Si tratta però di una soluzione interessante per chi cerca un programma che permetta di creare DVD video in modo semplice e veloce.

dvdflick

DVDStyler è un’altra soluzione interessante per chi cerca un programma per masterizzare con un supporto per i DVD video migliore della media.
L’applicazione permette l’importazione di tutti i formati video più comuni, come AVI, MOV, MP4, MPEG, OGG, WMV, MPEG-2, MPEG-4, DivX e Xvid, supporta il drag and drop e mette a disposizione diversi modelli da utilizzare per creare i menu dei propri DVD.
L’utilizzo è molto semplice, nella schermata principale vengono infatti mostrati tutti gli elementi che compongono un DVD, i video, le tracce audio, i sottotitoli e i menu.
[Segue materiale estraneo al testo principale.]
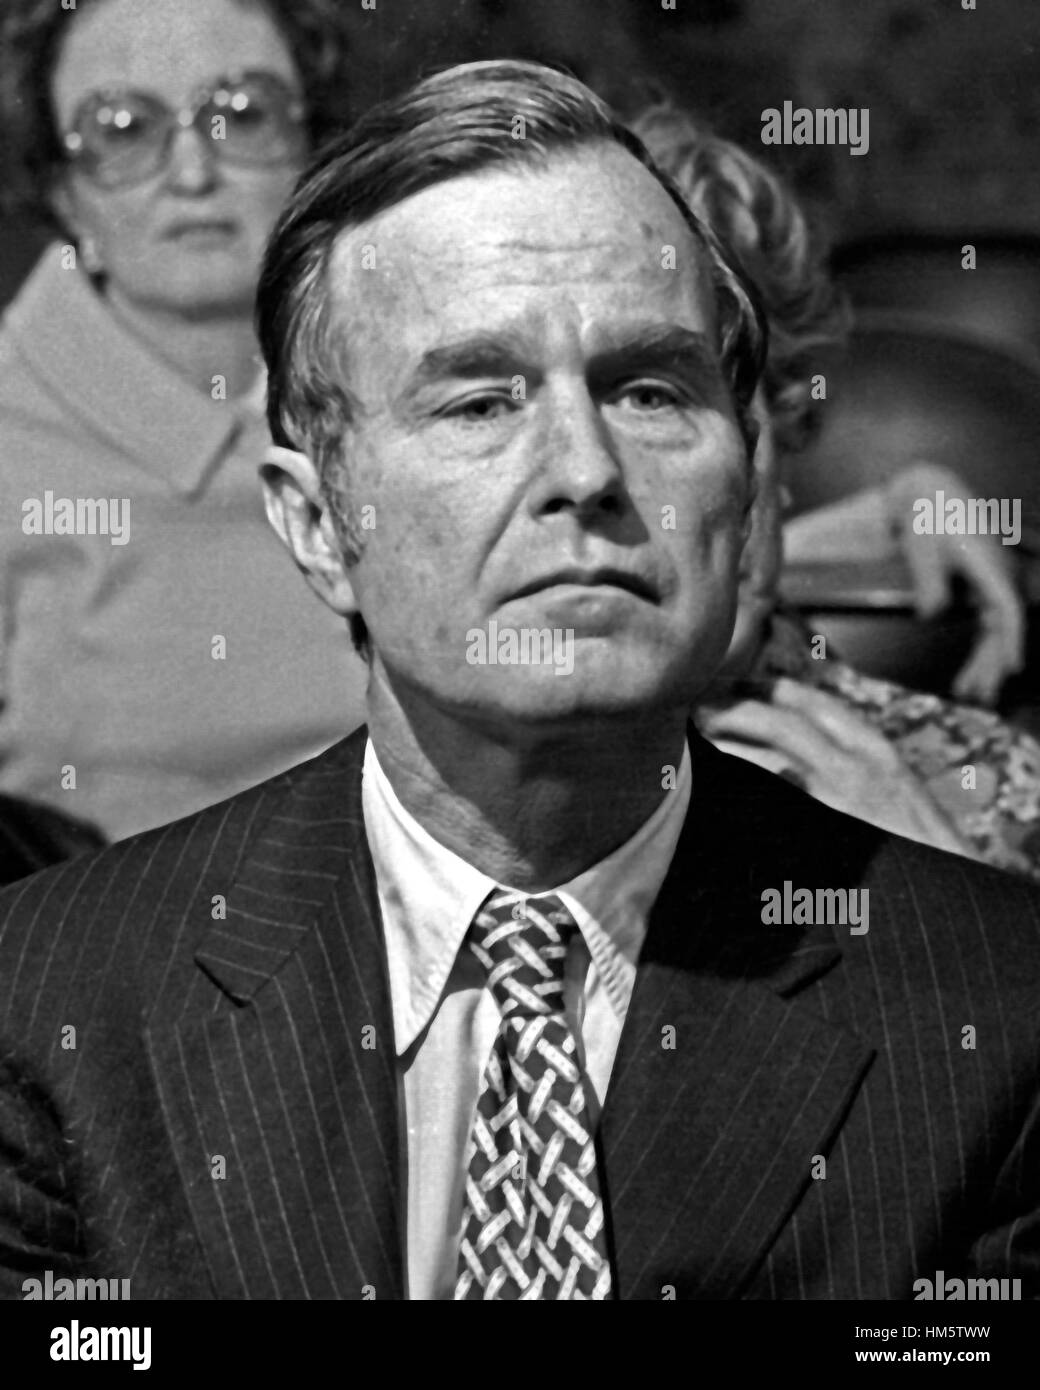 Botschafter der Vereinigten Staaten China George H.W. Bush hört auf ein US-Senator Fragen während seiner Anhörung, Direktor des US Central Intelligence Agency (CIA) in Washington, D.C. am 16. Dezember 1975..Credit: Benjamin E. "Gen" Fort Stockfoto

Questi possono essere configurati in modo molto veloce.
Un limite è da individuare nella mancanza di un’anteprima interattiva dei progetti che vengono realizzati.
Per vedere il risultato è quindi necessario masterizzare il DVD o creare un file ISO.

dvdstyler

Amok Burning è un programma che non richiede l’installazione che permette di masterizzare CD e DVD, ma non Blu-Ray.
La caratteristica principale è da individuare nella semplicità, non troviamo infatti strumenti aggiuntivi presenti in altre applicazioni di questo tipo, come quelli per la gestione dei file multimediali.
Permette di masterizzare dischi dati, Cd audio e DVD video in modo semplice e veloce.
Tra le funzionalità troviamo il supporto per le sessioni multiple e la copia tra supporti.
Da segnalare che l’applicazione non è aggiornata da diverso tempo, l’interfaccia non è quindi molto moderna.
Il programma è gratis, tradotto anche in italiano e risulta essere disponibile per Windows.

amok

Conclusioni

I programmi per masterizzare CD, DVD e Blu-ray gratis sono numerosi e rappresentano una valida alternativa alle applicazioni a pagamento.
A mio parere, le due soluzioni migliori sono ImgBurn e Ashampoo Burning Studio Fre.
ImgBurn è consigliato a chi vuole il massimo controllo sulla masterizzazione e necessita di opzioni avanzate che permettano di configurare con precisione il modo in cui viene eseguita l’operazione.
Ashampoo Burning Studio Fre è invece la soluzione giusta per chi vuole qualcosa che sia facile da usare e che offra la possibilità a tutti di eseguire la masterizzazione in modo veloce.